92.8 miles. The day got harder as the wind turned against us.
I’m writing this on June 22 as we sit in our hotel in Wolf Point. Our previous days’ riding were long and hard and we were too tired to add to the blog. We left Havre still buoyed by our wind aided ride the day before. We had contacted our Warm Showers host in Malta and told him we would be to town early in the afternoon. Oops! The fickle wind turned and we had a small head wind for a while that grew stronger as the day grew longer and our energies grew weaker.

We stop at almost every historical marker. They usually give an unvarnished view of how the US treated Native Peoples. This one describes the final defeat of Chief Joseph and the Nez Perce.
The towns along Route 2 (called the “Hi Line”) were built originally by the railroad companies to serve the grain producers. According to legend, the railroad magnate(s) spun a globe and wherever their finger landed became the name of the next town – Harlem, Glasgow, Nashua, Malta, etc. At one point we were low on water but there was a town just ahead and we knew from other bloggers that there was a bar/cafe there where we could fill up. Surprise! The bar was boarded up!

Lunch table provided by the shuttered cafe
We had lunch at one of their outside tables and moved on down the road to the next town of Dodson where there should have been a convenience store. That too was closed and may have opened in two hours or so! There was a three man crew digging a huge trench next door with a back hoe and they gladly pulled two bottles of water out of their ice chest for us. They told us that under a nearby house the town’s water main was broken and that house was basically a swamp. They were searching for the main so they could cap it off but could not find it. This region of Montana is covered with about two feet of topsoil and below that is sand so once the crew hit sand (the foreman called it “quicksand”) the trench collapsed. Frustrated, they were calling it a day and offered us more ice cold water!

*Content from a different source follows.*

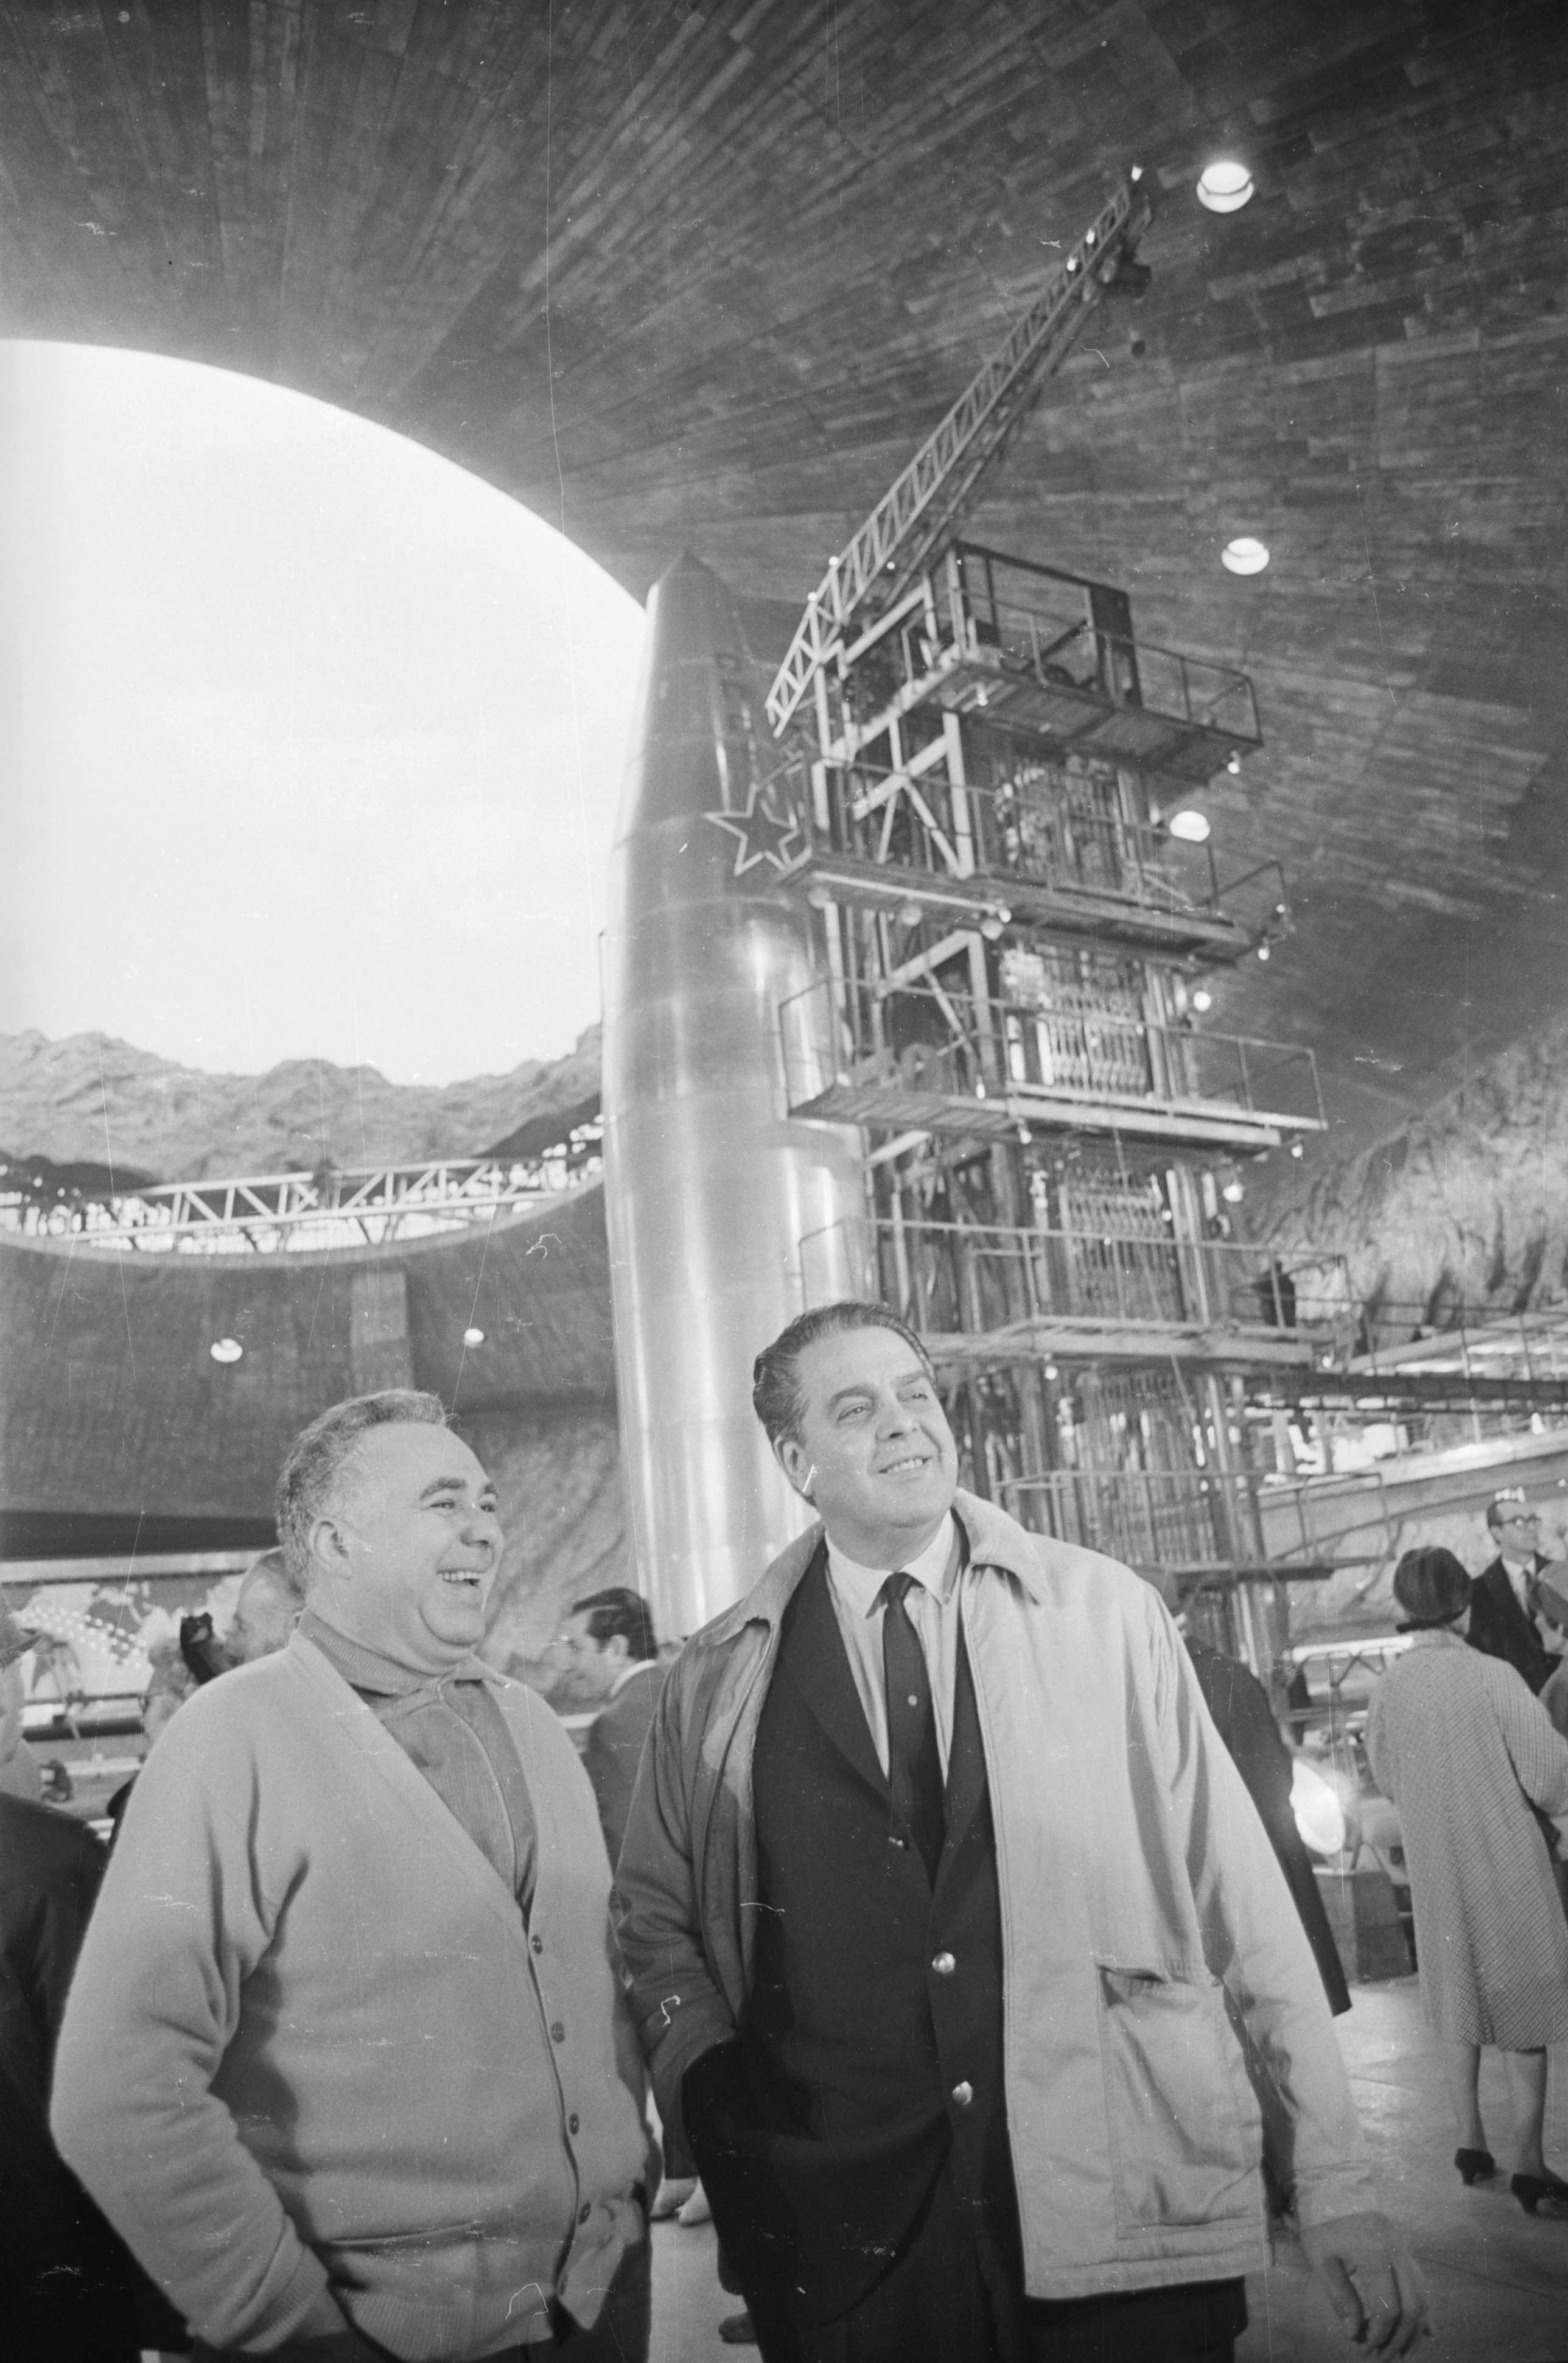 28th October 1966: Co-producers Harry Saltzman (1915 - 1994, left) and Albert Broccoli (1909 - 1996) on the massive purpose-built Pinewood set of the new Bond film 'You Only Live Twice', directed by Lewis Gilbert. (Photo by Larry Ellis/Express/Getty Images)

You’ll have to look closely to read the lettering on the grain elevator. It says “Howdy Pardner. Welcome to friendly Chinook.” The reality is that Chinook almost doesn’t exist anymore.
Our maps indicated an alternate route on a few BIA roads that got us off busy and narrow shouldered Rte. 2. It added a mile or two but the road was completely empty. It ran more or less parallel to the sinuously flowing Milk River (eons ago the Missouri River followed this course but it was diverted by a huge ice dam to its present course. The Milk eventually took over the old Missouri channel and many centuries later Lewis and Clark named the Milk for its color.

The road outside of Malta. Note the narrow shoulder as well as the marker on the other side of the road with 7 crosses.
Finally after all the struggles with wind and lack of water we made it to Malta. We had agreed with our host, Craig, that we would supply the chicken for dinner and he would do the veggies so we stopped at the town Alberstson’s and then made it to Craig’s house. He graduated from Nebraska a few years ago and had just moved to Malta within the last few months to work for the Bureau of Land Management. He welcomed us in and we sat and talked about Montana, biking and Warm Showers. He started the BBQ and his friend Kelsey joined us for dinner – she supplied a bottle of currant and honey wine from Canada. Craig also provided a delicious taco dip, eggplant and asparagus.
Over dinner, Kelsey asked where we were headed to next and said she knew a couple in Glasgow that did Warm Showers hosting and what great people they were. We had contacted them but thought they (John and Mary) were unavailable. (More on this story in tomorrow’s blog).
We also heard from Craig and Kelsey that the storm we had avoided by sleeping in a motel in Shelby on Saturday had blown over a standing train in Malta. We had seen the crushed cars being transported on truck beds on our ride. Our warm weather hosts in Glasgow (details to follow in upcoming post) showed us the impact of the hail on their alfalfa. We were lucky we were inside that night rather than in a tent.
Finally settling to bed – we were to sleep in Craig’s spare bedroom on the floor on our camping pads. Maja discovered that she had apparently left her pad somewhere between Glacier and Malta! Craig, being the super nice person he is, offered her his pad not only for the night but to take with us to be mailed back to him once Maja got a new one. She got on the phone to REI and they are shipping a new pad to our hosts in Bismark, ND!
Thanks to Fred Prozillo for recommending Gorilla Tape for our tool kit, the tape is holding my pannier together until we pick up the new one at General Delivery in Dickinson, ND. Thanks also to Jean and Barry Bingham for their gift of miscellaneous items for out trip – some of the twist ties are employed to insure my pannier stays on the bike and the anti saddle sore cream has been a life saver!

The weather is warming so Maja dons her sun sleeves.